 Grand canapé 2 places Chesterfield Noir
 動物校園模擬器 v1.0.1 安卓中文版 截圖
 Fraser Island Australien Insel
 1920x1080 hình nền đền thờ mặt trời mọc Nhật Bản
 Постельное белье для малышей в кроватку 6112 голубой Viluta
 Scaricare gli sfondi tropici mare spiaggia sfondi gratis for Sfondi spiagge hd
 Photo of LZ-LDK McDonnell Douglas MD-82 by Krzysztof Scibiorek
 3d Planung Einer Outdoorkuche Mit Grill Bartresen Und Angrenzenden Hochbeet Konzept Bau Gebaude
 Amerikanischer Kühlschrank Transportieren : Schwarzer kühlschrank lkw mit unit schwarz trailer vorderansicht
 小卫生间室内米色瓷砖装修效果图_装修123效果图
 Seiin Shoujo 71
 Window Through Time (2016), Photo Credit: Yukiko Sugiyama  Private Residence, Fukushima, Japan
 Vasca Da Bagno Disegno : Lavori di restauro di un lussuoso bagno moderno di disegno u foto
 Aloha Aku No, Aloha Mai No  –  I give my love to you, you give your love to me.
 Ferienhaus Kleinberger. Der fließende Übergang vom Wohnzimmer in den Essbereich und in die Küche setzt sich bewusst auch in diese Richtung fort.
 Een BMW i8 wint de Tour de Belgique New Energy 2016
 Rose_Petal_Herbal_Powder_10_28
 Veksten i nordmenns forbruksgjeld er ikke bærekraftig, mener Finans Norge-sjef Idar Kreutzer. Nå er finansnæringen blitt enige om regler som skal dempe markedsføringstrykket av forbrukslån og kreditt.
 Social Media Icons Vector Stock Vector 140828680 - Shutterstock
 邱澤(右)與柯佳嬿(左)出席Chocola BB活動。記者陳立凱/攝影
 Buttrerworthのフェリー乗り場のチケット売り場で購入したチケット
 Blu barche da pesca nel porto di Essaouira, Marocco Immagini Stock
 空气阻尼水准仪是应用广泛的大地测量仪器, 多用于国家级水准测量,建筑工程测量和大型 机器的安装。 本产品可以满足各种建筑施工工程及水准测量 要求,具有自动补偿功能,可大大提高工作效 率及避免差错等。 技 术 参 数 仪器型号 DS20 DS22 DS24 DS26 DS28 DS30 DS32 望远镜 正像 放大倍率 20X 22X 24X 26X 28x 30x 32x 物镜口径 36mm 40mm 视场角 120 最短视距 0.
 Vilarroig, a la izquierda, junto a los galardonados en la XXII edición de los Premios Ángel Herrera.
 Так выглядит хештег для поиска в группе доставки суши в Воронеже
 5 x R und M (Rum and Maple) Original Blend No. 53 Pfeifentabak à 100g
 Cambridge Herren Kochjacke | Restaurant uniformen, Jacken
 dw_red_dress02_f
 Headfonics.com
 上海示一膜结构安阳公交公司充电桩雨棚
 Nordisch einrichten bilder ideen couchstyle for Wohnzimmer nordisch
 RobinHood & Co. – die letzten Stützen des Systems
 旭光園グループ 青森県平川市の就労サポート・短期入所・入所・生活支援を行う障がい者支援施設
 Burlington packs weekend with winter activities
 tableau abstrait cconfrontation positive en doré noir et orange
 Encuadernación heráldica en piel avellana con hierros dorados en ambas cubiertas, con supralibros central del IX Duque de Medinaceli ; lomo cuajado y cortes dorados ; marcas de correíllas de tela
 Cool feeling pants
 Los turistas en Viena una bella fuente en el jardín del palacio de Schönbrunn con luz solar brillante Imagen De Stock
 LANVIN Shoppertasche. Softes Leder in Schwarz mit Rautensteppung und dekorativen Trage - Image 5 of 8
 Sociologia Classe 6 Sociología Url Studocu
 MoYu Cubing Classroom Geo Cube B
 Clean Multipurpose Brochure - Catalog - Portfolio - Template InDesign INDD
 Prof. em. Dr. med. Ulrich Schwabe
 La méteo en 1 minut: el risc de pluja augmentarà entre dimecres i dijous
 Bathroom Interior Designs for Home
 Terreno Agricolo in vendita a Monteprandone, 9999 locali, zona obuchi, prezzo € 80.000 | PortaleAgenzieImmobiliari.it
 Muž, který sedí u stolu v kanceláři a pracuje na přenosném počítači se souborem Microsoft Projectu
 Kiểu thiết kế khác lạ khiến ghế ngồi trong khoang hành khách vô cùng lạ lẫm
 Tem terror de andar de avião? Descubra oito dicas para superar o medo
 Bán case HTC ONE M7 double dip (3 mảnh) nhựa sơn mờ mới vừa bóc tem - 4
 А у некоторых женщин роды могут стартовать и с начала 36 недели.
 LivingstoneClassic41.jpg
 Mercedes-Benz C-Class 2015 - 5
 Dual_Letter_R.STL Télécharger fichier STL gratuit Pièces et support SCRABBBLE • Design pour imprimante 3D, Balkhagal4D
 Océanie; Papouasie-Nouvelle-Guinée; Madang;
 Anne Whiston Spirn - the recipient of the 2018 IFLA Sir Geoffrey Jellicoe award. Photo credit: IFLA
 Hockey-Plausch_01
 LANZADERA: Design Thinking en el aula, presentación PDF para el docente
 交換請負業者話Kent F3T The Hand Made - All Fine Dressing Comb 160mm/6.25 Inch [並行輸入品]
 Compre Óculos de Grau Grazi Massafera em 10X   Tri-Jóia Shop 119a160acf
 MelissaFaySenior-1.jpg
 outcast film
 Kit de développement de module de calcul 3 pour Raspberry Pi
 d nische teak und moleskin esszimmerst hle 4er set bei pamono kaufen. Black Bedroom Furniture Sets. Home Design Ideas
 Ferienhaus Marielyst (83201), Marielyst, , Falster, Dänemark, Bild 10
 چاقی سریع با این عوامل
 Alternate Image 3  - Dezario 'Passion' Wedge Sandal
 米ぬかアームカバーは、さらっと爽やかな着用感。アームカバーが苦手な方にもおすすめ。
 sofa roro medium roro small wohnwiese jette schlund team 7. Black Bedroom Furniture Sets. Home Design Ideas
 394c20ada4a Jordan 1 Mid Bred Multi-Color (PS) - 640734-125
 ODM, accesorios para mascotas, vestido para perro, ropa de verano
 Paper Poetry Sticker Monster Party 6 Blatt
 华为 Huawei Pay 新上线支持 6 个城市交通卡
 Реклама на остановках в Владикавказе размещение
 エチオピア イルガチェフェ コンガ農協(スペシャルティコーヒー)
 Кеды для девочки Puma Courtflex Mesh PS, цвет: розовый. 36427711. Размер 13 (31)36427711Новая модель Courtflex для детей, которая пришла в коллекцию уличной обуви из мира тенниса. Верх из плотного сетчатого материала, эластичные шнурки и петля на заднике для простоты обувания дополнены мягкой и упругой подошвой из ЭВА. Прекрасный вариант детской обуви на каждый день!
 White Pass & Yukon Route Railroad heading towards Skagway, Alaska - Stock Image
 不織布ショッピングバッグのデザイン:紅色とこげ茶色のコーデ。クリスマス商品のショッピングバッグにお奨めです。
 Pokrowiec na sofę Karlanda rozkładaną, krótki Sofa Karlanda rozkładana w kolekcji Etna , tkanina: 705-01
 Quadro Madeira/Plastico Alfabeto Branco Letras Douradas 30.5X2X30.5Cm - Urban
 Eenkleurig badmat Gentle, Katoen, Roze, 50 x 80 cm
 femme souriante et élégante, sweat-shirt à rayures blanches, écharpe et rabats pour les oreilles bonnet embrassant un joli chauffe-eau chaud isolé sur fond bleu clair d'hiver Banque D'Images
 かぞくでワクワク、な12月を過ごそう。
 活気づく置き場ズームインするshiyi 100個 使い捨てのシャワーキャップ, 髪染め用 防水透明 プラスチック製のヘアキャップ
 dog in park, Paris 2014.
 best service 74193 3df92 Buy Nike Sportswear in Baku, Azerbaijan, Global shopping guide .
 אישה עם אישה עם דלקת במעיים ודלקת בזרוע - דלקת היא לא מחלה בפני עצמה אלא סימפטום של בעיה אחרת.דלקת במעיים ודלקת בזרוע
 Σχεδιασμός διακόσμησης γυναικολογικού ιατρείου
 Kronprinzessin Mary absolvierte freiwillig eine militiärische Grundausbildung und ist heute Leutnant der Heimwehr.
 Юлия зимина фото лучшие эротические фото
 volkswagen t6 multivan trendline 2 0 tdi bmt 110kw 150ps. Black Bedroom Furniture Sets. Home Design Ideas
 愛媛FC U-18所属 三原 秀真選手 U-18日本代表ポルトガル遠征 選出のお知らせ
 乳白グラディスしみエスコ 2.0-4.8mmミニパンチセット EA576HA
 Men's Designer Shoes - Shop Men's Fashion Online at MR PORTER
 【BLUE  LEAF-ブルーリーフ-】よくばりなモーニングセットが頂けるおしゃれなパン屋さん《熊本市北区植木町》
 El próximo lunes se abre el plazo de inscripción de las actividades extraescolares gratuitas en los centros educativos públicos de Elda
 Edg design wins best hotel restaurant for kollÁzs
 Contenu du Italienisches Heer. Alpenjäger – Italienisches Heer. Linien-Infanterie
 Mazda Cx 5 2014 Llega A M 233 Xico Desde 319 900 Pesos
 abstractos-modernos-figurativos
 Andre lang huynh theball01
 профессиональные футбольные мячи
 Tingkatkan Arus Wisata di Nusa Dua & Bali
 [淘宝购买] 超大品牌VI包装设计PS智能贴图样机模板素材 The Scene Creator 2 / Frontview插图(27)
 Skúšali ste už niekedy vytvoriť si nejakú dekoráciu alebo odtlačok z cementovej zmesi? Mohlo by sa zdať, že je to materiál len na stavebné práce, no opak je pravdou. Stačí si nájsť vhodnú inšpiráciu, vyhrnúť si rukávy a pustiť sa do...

______

Problem requirements:
Go through the material above and output exactly the lines from the one containing "MoYu Cubing Classroom Geo Cube B" through the one containing "Muž, který sedí".

Task output:
 MoYu Cubing Classroom Geo Cube B
 Clean Multipurpose Brochure - Catalog - Portfolio - Template InDesign INDD
 Prof. em. Dr. med. Ulrich Schwabe
 La méteo en 1 minut: el risc de pluja augmentarà entre dimecres i dijous
 Bathroom Interior Designs for Home
 Terreno Agricolo in vendita a Monteprandone, 9999 locali, zona obuchi, prezzo € 80.000 | PortaleAgenzieImmobiliari.it
 Muž, který sedí u stolu v kanceláři a pracuje na přenosném počítači se souborem Microsoft Projectu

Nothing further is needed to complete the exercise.